Reliability in distributed systems is determined by the weakest component, so even a minor internal function could bring your entire system down. Learn how stability patterns anticipate the hot spots of distributed network behavior, then see five patterns applied to RESTful transactions in Jersey and RESTEasy.
Implementing highly available and reliable distributed systems means learning to expect the unexpected. Sooner or later, if you're running a larger software system, you will be faced with incidents in the production environment. Typically you will find two different types of bugs. The first type is related to functional issues like calculation errors or errors in handling and interpreting data. These bugs are easy to reproduce and will usually be detected and fixed before a software system goes into production.
The second type of bug is more challenging because it only becomes activated under specific infrastructure conditions. These bugs are harder to identify and reproduce and will typically not be found during testing; instead, you'll most likely encounter them in the production environment. Better testing and software quality assurance techniques like code reviews and automated tests will increase your chance of eliminating these bugs when you find them; they won't, however, ensure that your code is bug free.
At worst, bugs in your code could trigger a cascade of errors within the system, potentially leading to a serious system failure. This is especially true for distributed systems where services are shared between other services and clients.
Stabilizing network behavior in distributed systems
The number one hot spot for serious system failure is network communication. Unfortunately, architects and designers of distributed systems are often incorrect in their assumptions about network behavior. Twenty years ago, L. Peter Deutsch and others at Sun Microsystems documented the Fallacies of Distributed Computing, which are still pervasive:
- The network is reliable
- Latency is zero
- Bandwidth is infinite
- The network is secure
- Topology doesn't change
- There is one administrator
- Transport cost is zero
- The network is homogeneous
Many developers today rely on RESTful systems to address the challenges of network communication in distributed systems. An important characteristic of REST is that it doesn't hide the limitations of network communication behind high-level RPC stubs.
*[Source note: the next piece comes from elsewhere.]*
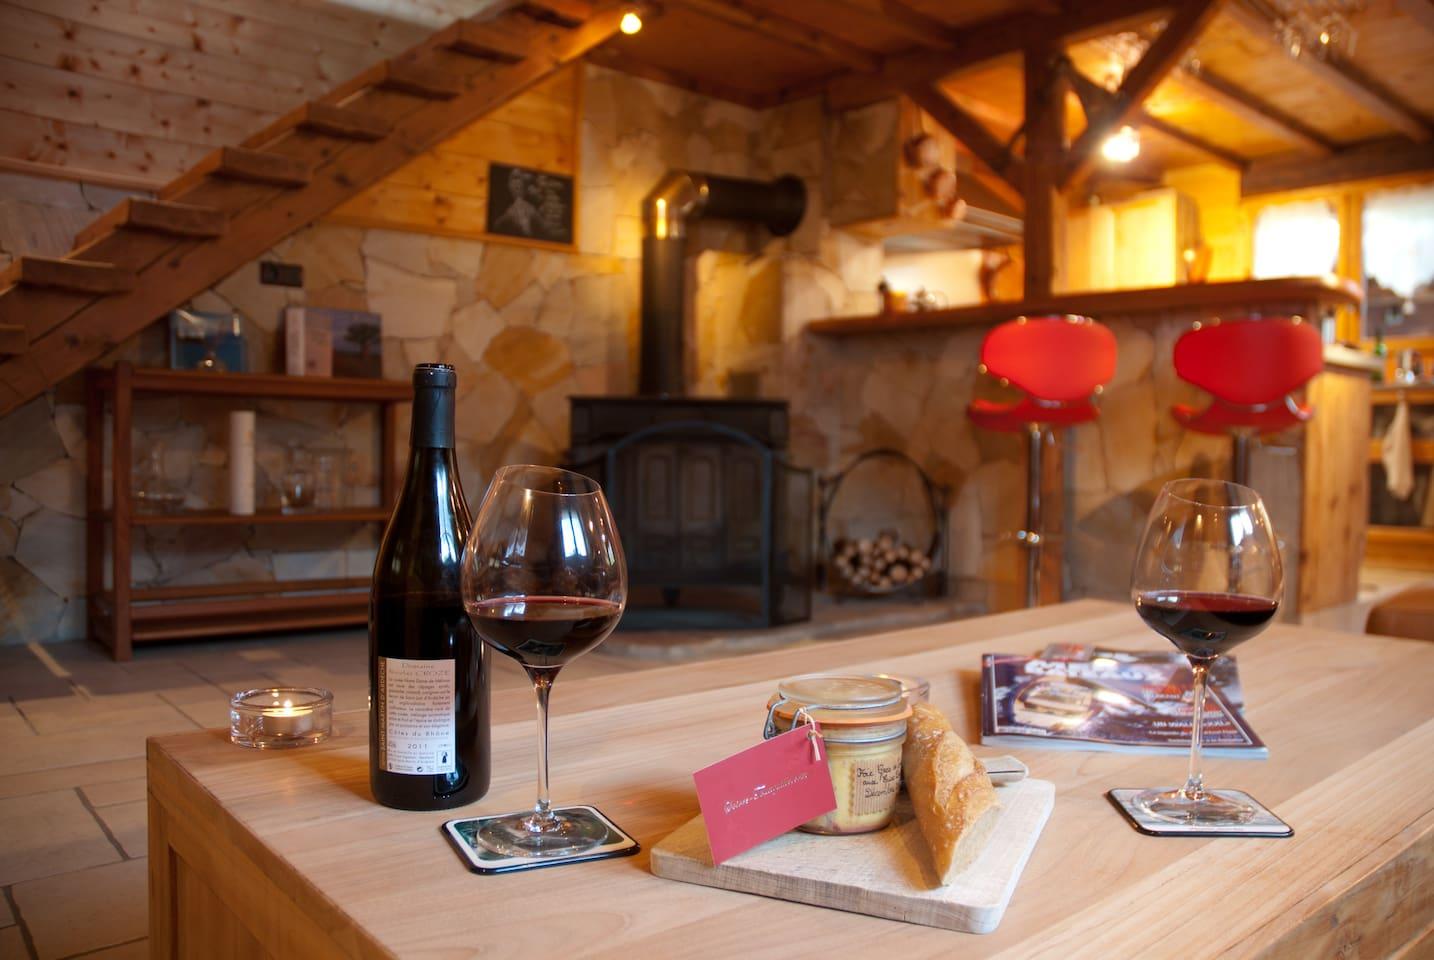 Salon côté Cheminée, Cuisine ouverte et Breakfast Bar / Lounge area by the fireplace and Breakfast Bar
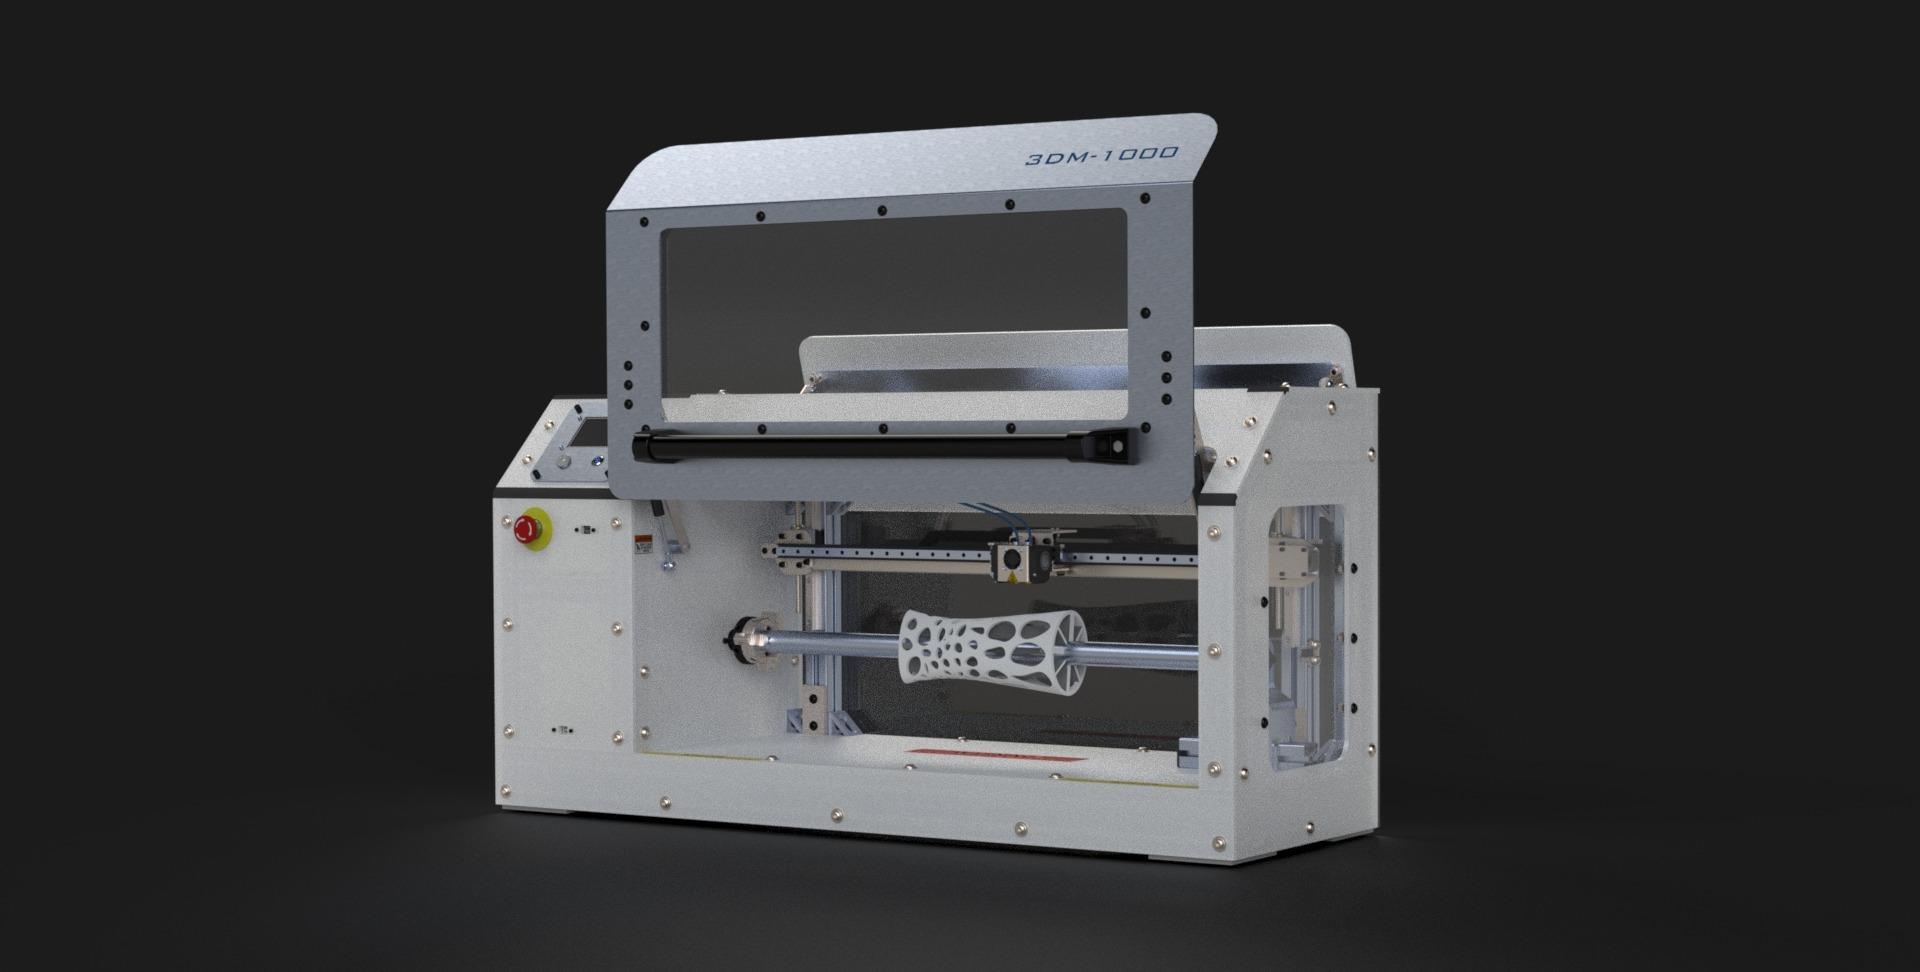 3DM-1000_3-1

But RESTful interfaces and endpoints alone don't ensure that the system is inherently stable; you still have to do more.
In this article I introduce four stability patterns that address common failures in distributed systems. My examples are focused on RESTful endpoints but the patterns could also be applied for other communication endpoints. The patterns demonstrated here were introduced by Michael Nygard in his book, Release It! Design and Deploy Production-Ready Software. The sample code and demos are my own.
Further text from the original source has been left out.